There are essential analogies, in his view, between Nature and Nurture or between genetic inheritance and socio-cultural transmission; and these analogies are to be captured by adopting the language of information theory—i.e., by analysis in terms of “codes,” “messages,” and “programs.”

This vast extension of Jacob’s natural philosophy into human affairs may be appealing to students of transformational grammar.8 But the rest of us would do well to tread more carefully. For human affairs—notoriously, in Descartes’s own view—lack precisely the kind of tight and self-correcting, or “systemic,” organization typical of physiological systems in organisms. The “organization” of entire societies is something less than organic; the behavioral “codes” of human groups are only very partially codifiable; the so-called “social system” is a good deal less than systemic.9 In short, the integration of Jacob’s “cultural and social integrons” is far from complete.

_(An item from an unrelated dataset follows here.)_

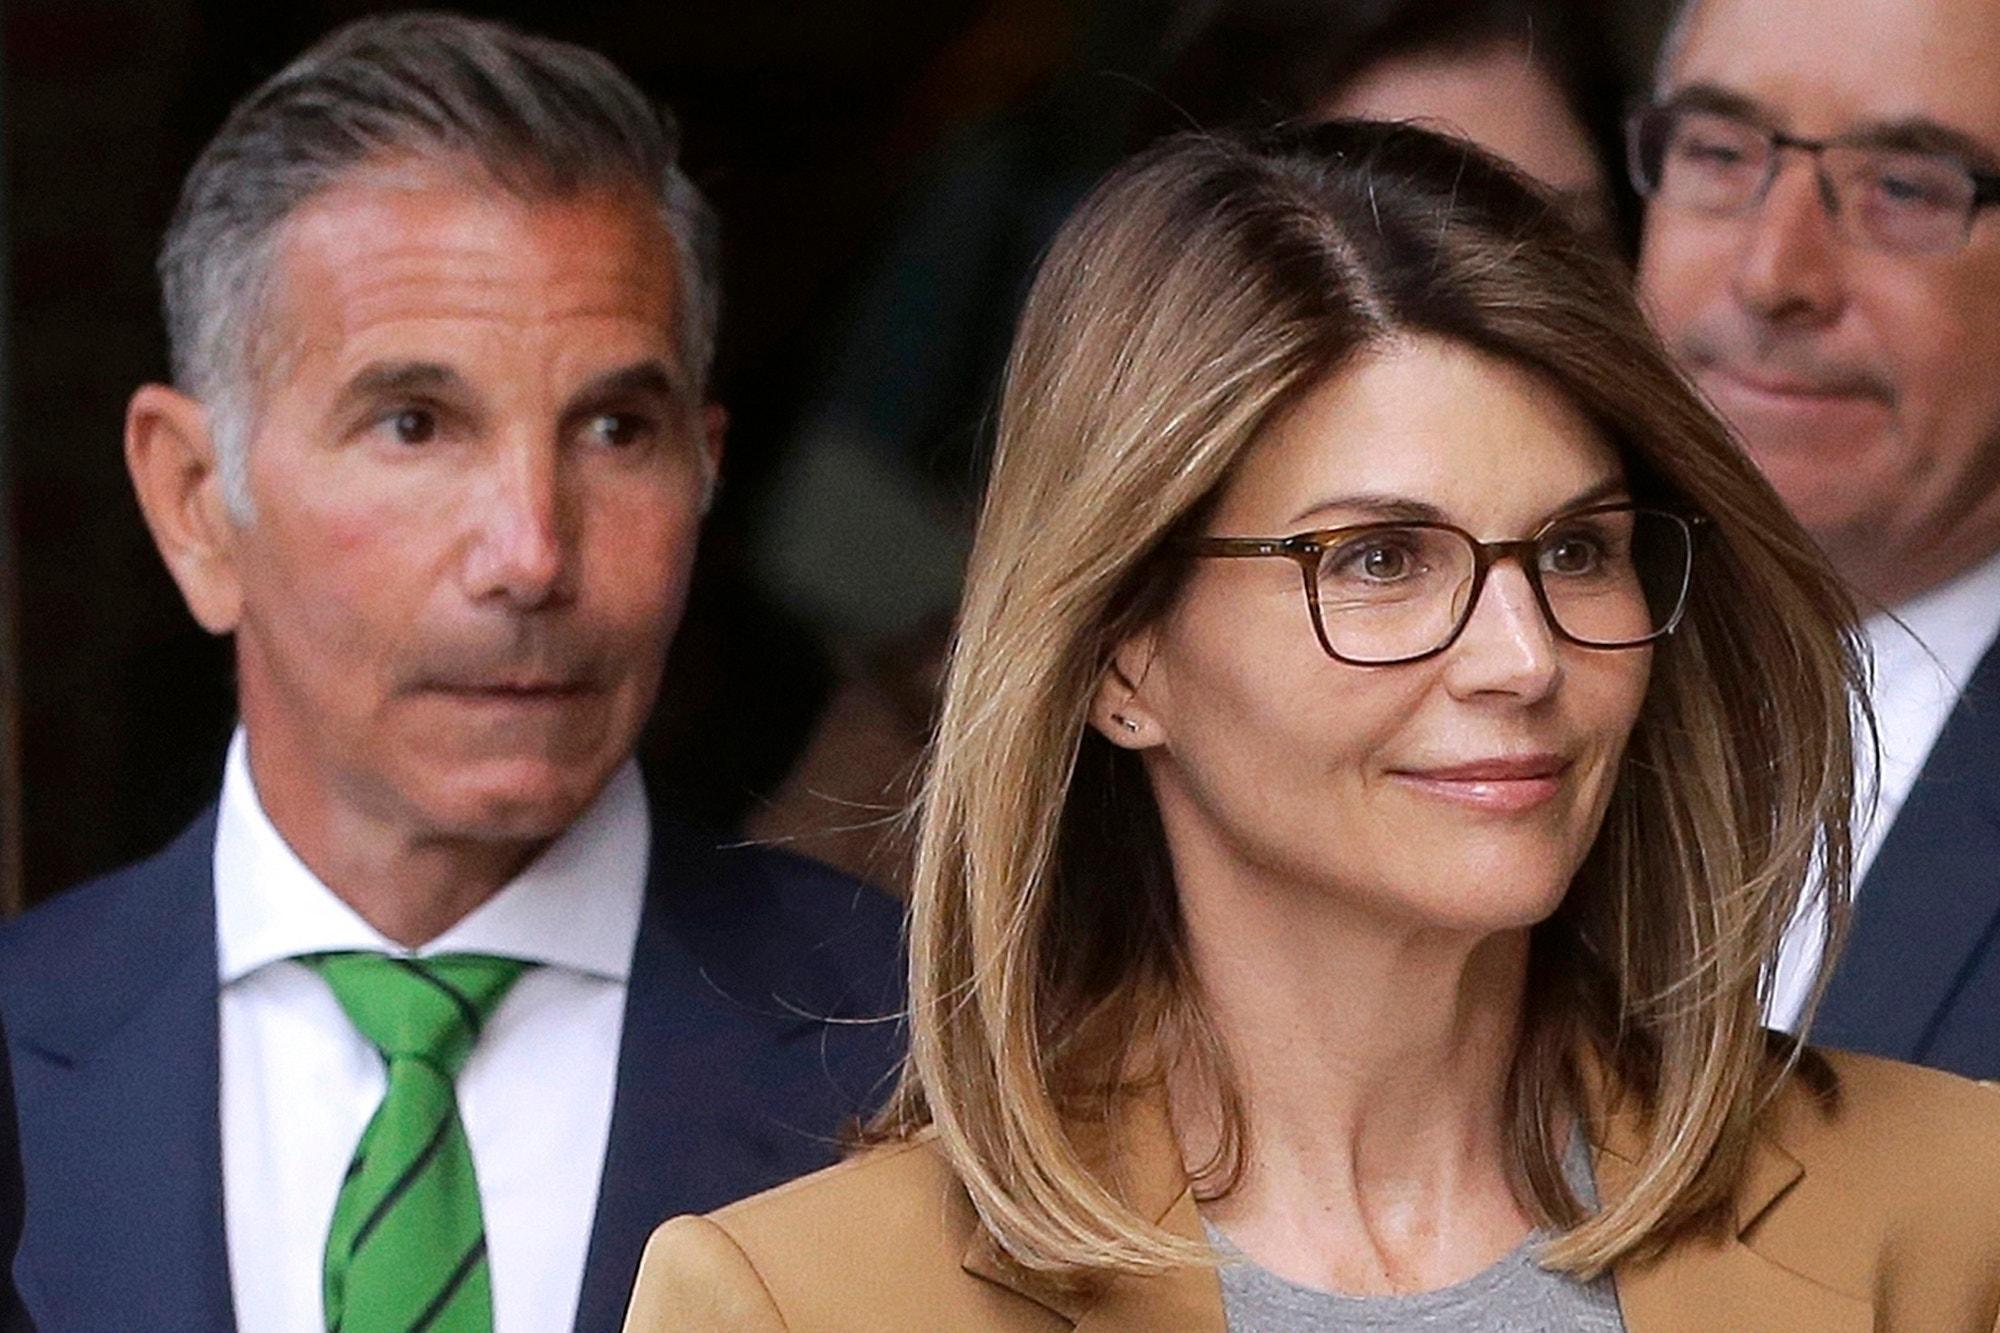 Lori Loughlin yêu cầu thẩm phán giảm 1 triệu đô trái phiếu, lập luận rằng 'không có dấu hiệu' cô sẽ bỏ trốn

If the course of History did indeed conform to a standard mathematical procedure or “algorithm,” how happy that would have made Hegel! Failing that, the extension of terms like “logic,” “code,” and “algorithm” from molecular biology into evolutionary history—and still more into human affairs—involves a somewhat questionable set of metaphors.

Here again, of course, Jacob’s sketch of a sociology of integrons is in a familiar French tradition. (When did he last read Durkheim?) Yet the deficiencies inherent in any organic theory of politics, culture, and society are not overcome simply by restating it in the terminology of information theory and molecular biology. Far more to the point is Jacob’s suggestion that we explore further the parallels between sociocultural change and organic evolution.10 An evolutionary analysis of the processes by which cultures and institutions, languages and concepts change over time will, however, have to be an essentially historical and populational analysis. So the evolutionary analogies we need in order to improve our understanding of society and culture are those that come, not from molecular biology and cell physiology, but from population dynamics and population genetics: i.e., from precisely those aspects of organic evolution that Jacob himself ignores.

After all, syntactical and other “codes” can acquire a semantic sense only when put to use in larger human Lebensformen; “programming” is an activity by which computers are enculturated to our historical situations and problems; while—as our experience with nineteenth-century historicism testifies—“logic,” even when supplemented by “dialectic,” has proved a feeble instrument for the analysis of historical processes.

Like all Cartesians, the structuralists will no doubt go on trying to enclose the flux of history in fixed, universal categories; and the results of their efforts will often be illuminating, up to a point. But, in the last resort, the Protean character of history—especially, the history of human life and problems—will continue to overflow all such tidy boxes.